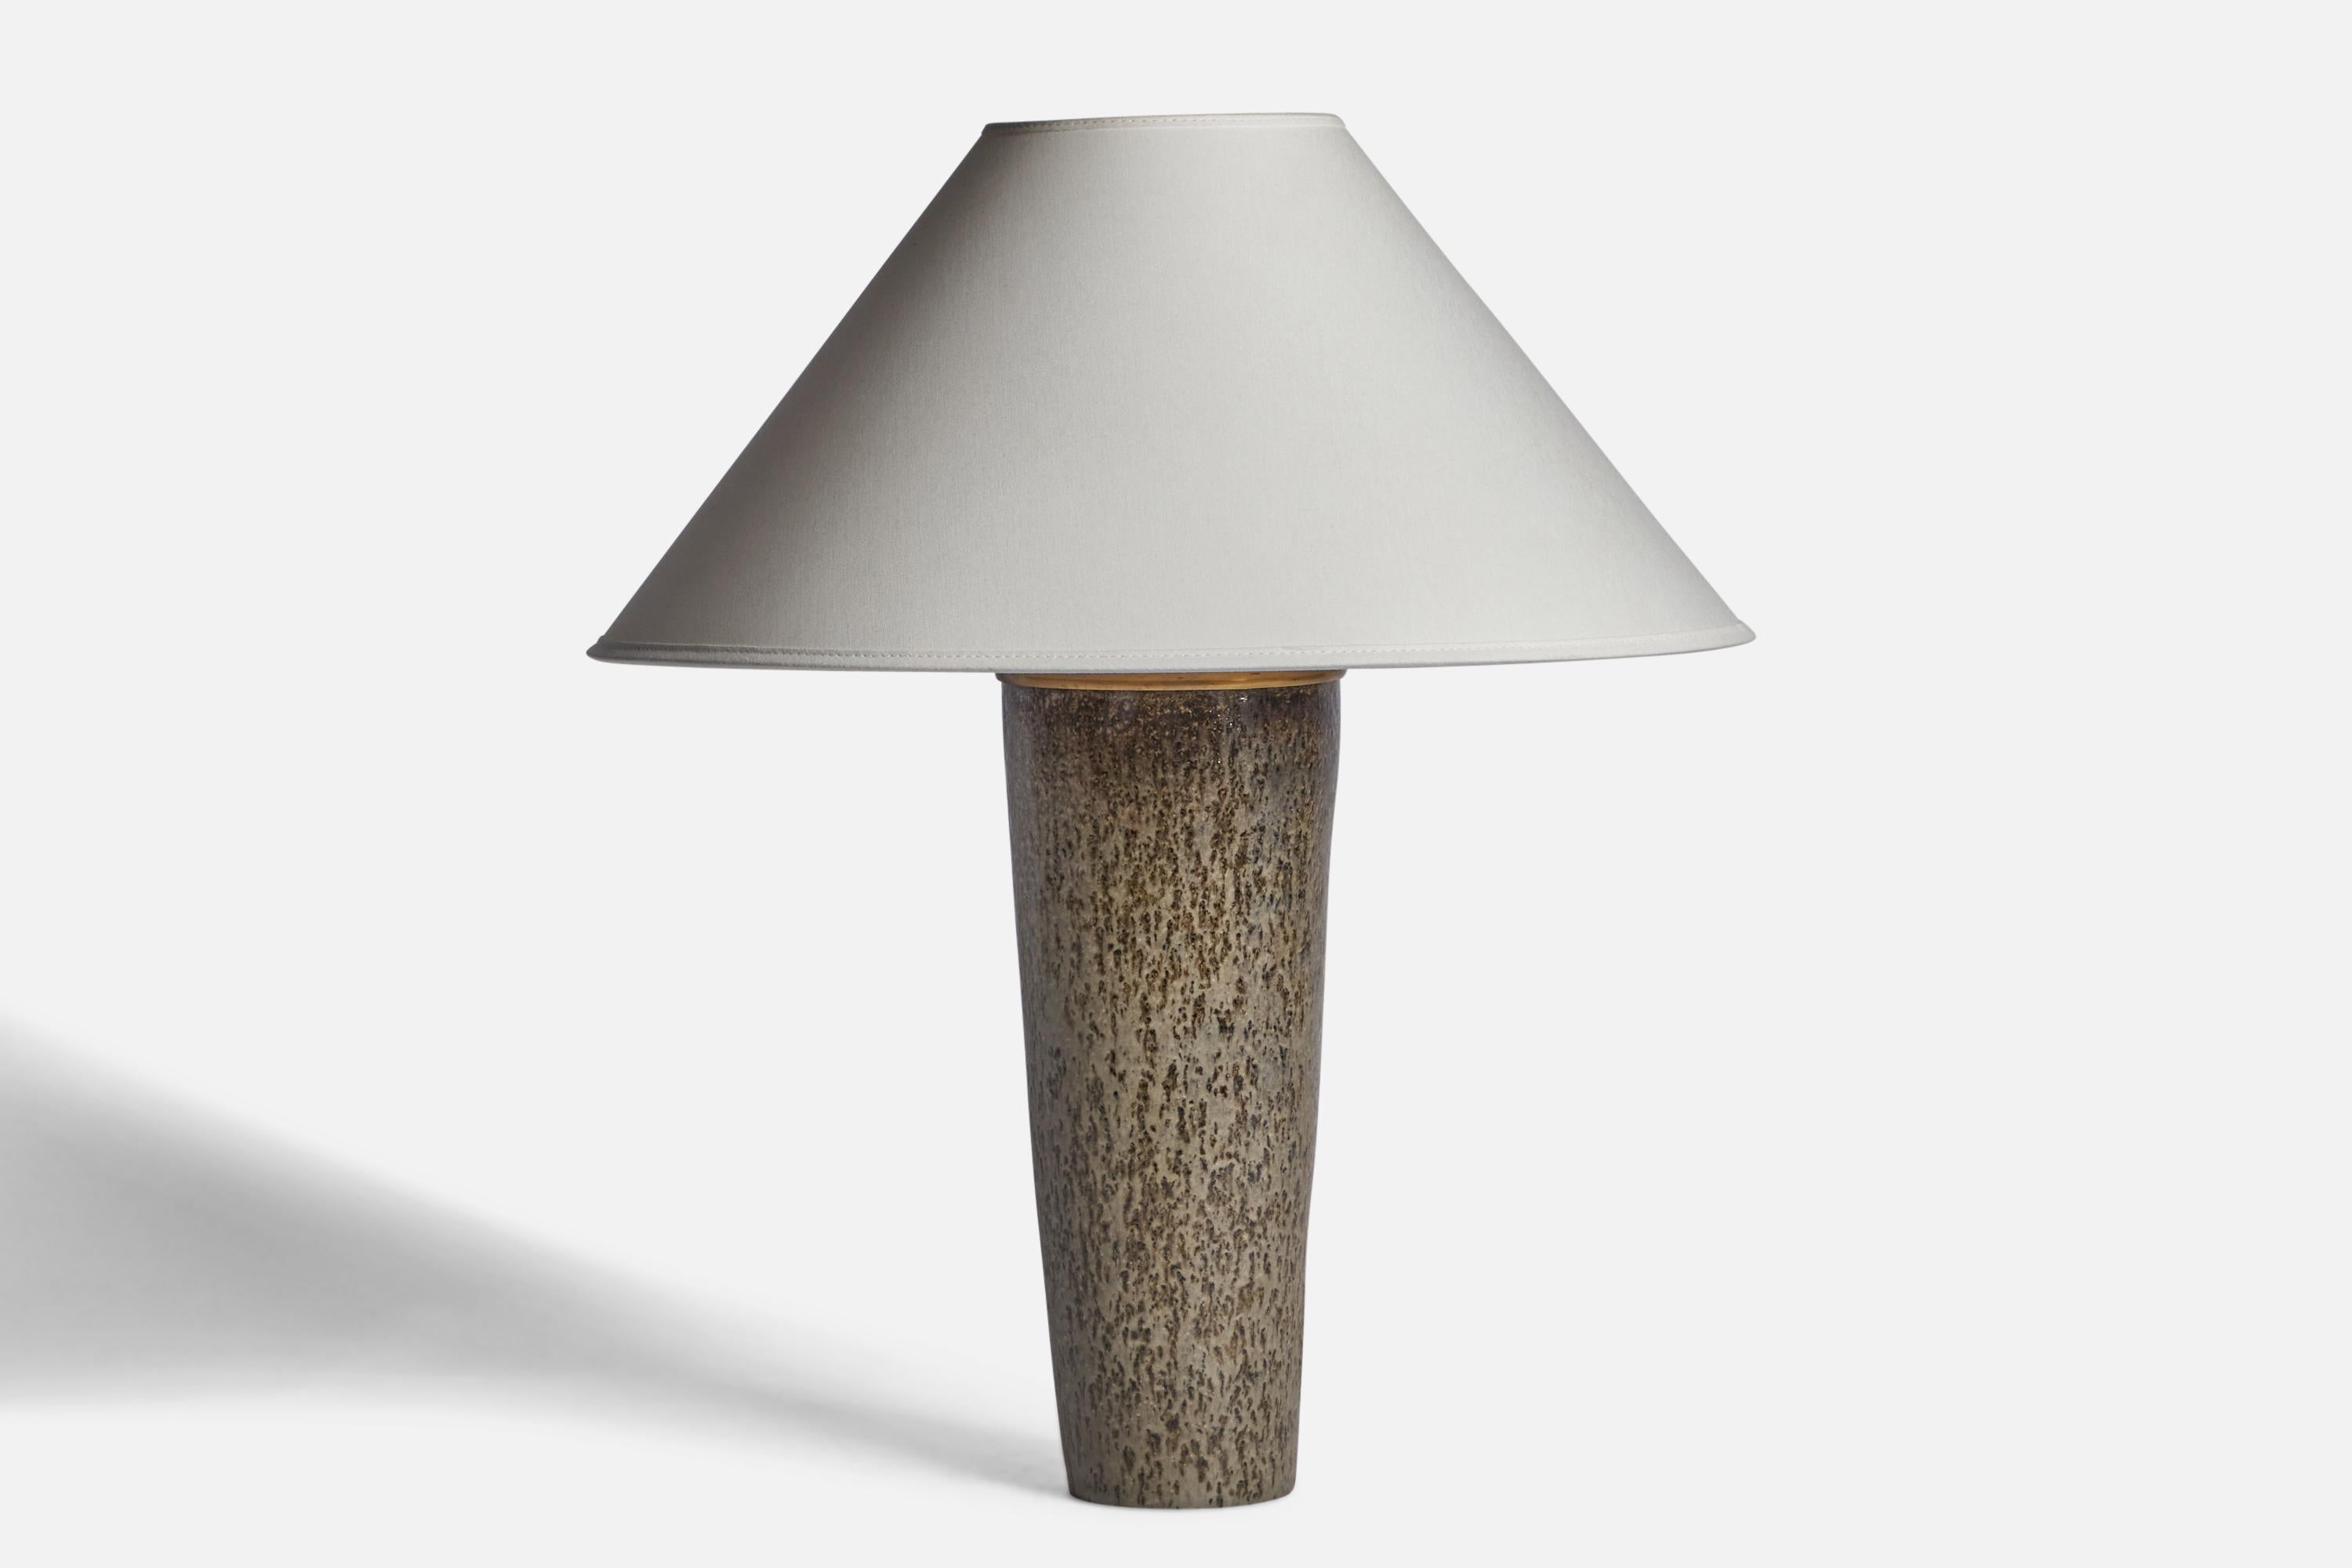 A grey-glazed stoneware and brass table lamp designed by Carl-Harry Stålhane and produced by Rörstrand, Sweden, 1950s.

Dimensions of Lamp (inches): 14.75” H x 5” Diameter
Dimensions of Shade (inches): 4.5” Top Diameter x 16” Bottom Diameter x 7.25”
---
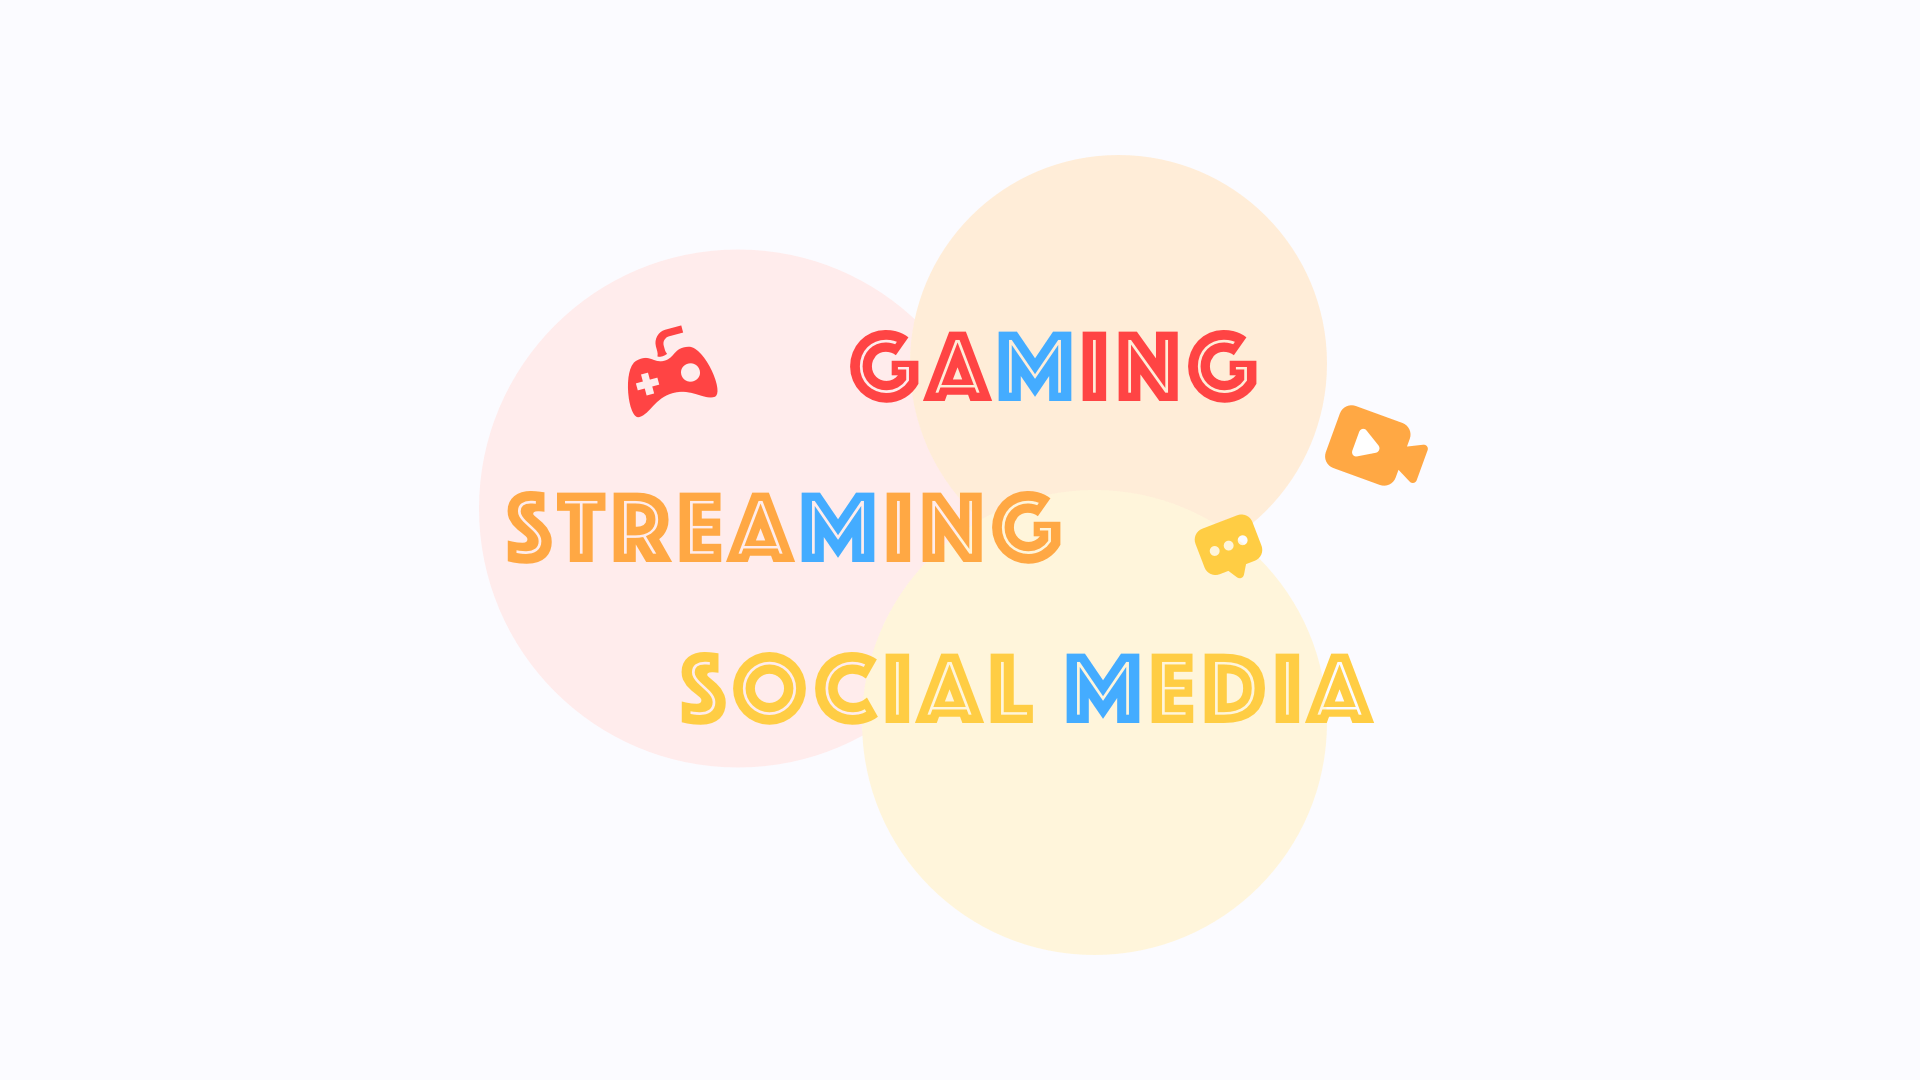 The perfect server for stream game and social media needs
---
* [EXERCISE BRIEF]: Output exactly those lines of the data above that run from the line with "A grey-glazed stoneware" up to and including the line with "Dimensions of Shade". No pictures go in.

* [SOLVED EXERCISE]:
 A grey-glazed stoneware and brass table lamp designed by Carl-Harry Stålhane and produced by Rörstrand, Sweden, 1950s.

Dimensions of Lamp (inches): 14.75” H x 5” Diameter
Dimensions of Shade (inches): 4.5” Top Diameter x 16” Bottom Diameter x 7.25”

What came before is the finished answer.